Biochemistry – proteins constitute the gliders of the work of cells. If they become overzealous, some enzymes give them the kiss of Judas, as it were: they receive a sign to which they submit to disposal.
Researchers in Vienna have deciphered the structure of this enzyme (HUWE1) and shown how it releases a large number of unwanted proteins for degradation: the snake-like molecule thus has a very promising therapeutic potential, according to the researchers in the journal Nature Chemical Biology.
Cells balance their functional proteins with the help of a group of enzymes called “ubiquitin ligases”. Just as a member of a mafia clan with Paseo della Mort is set to die by the Godfather, unwanted proteins receive a ubiquitin label from these QCs. If other enzymes in the cell recognize this sign, they destroy the protein in question before it can harm the cell.
Science is interested in these ubiquitin gasses because – appropriately reprogrammed – they can identify disease-causing proteins for degradation. But first you need to understand exactly how it works. The problem is in the sheer size of these enzymes, which makes them difficult to study.

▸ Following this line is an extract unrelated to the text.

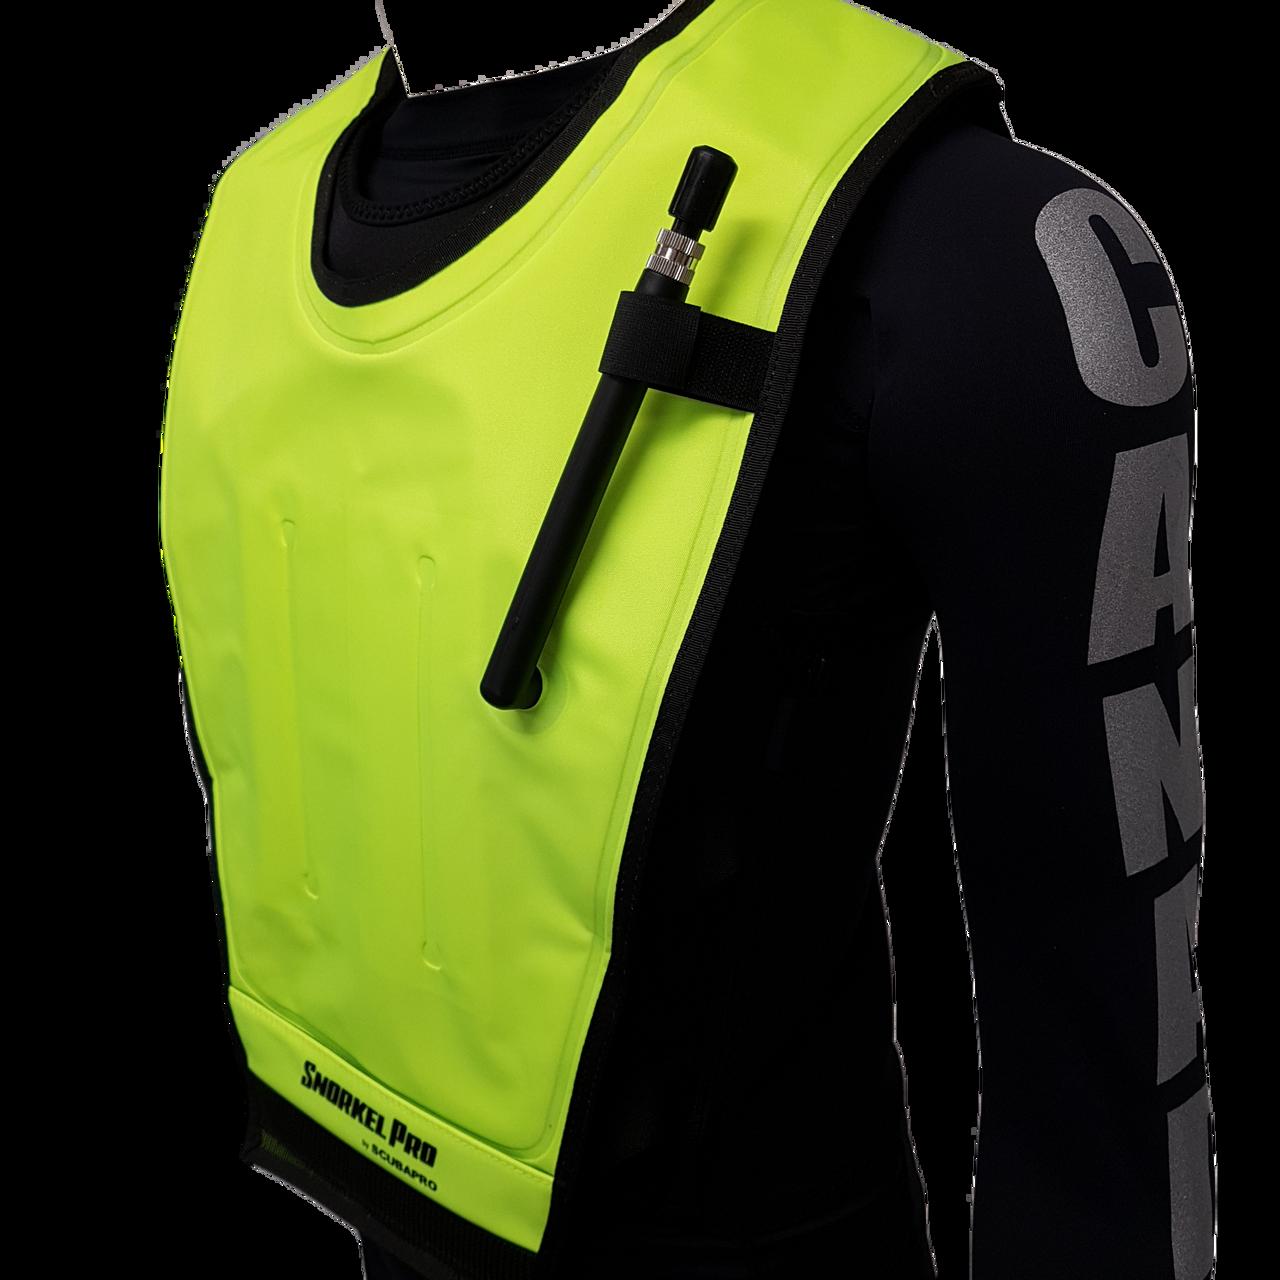 Black//Yellow X-Small Details about  /Scubapro Cruiser Snorkeling Vest

HUWE1 – Beneficial Monster Enzyme
The team of Tim Clausen of the Institute for Research Molecular Pathology (IMP) in Vienna and Dirk Kessler of the pharmaceutical company Boehringer Ingelheim have now succeeded in deciphering the structure and mode of operation of the ubiquitin ligase HUWE1. HUWE1 is a generalist with a wide range of target proteins, which is why it holds great promise for potential therapeutic applications. It also plays an important role in marking proteins for degradation during cancer development.

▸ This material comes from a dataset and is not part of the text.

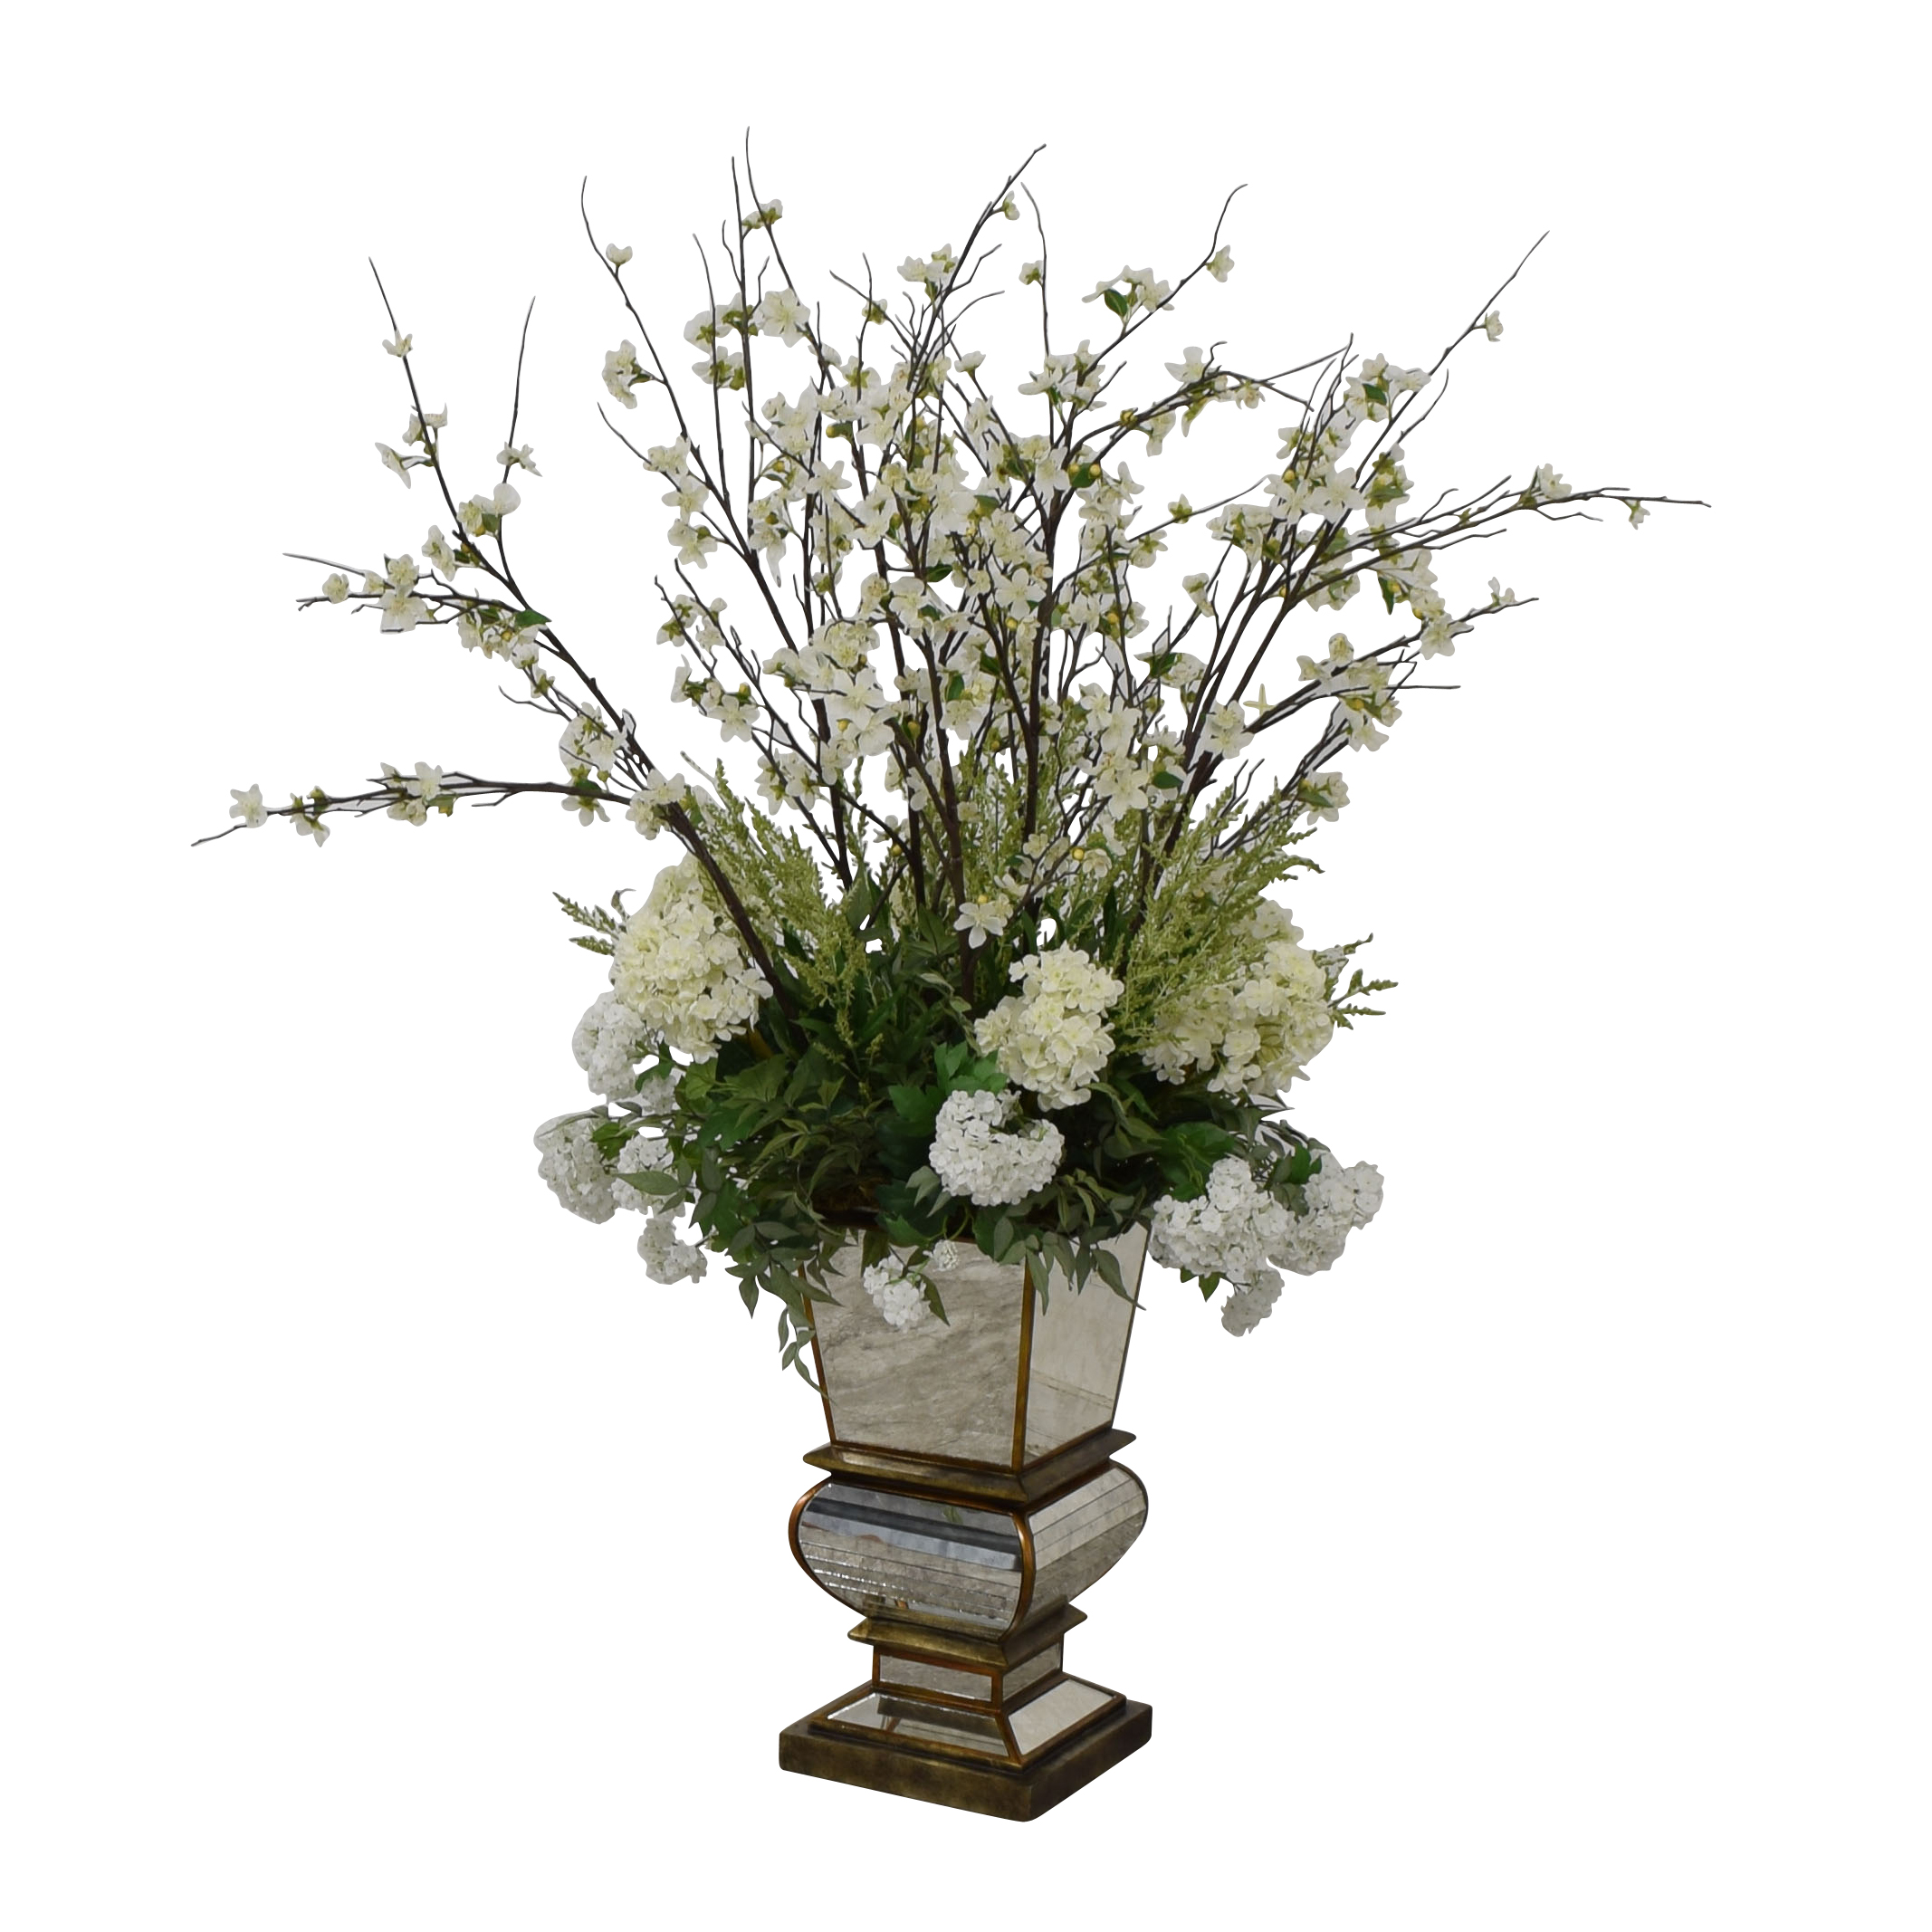 Jonathan-Richard Jonathan-Richard White Flowers in Mirrored Base on sale

It turns out that HUWE1 binds to its targets in an unusual way. Unlike many other ubiquitin ligases, which have few binding sites to bind to specific proteins, HUWE1 always has a large number of such binding sites. These are lined up in a long, dynamic vortex that gives the massive enzyme a snake-like appearance.
“If we can elucidate the molecular details that underlie target selectivity, we may be able to target a wide range of disease-causing proteins,” Clausen said in a press release. In the next step, the researchers want to develop small synthetic molecules that “stick” HUWE1 to proteins that must be destroyed. This can remove unwanted disease-causing proteins from the cell.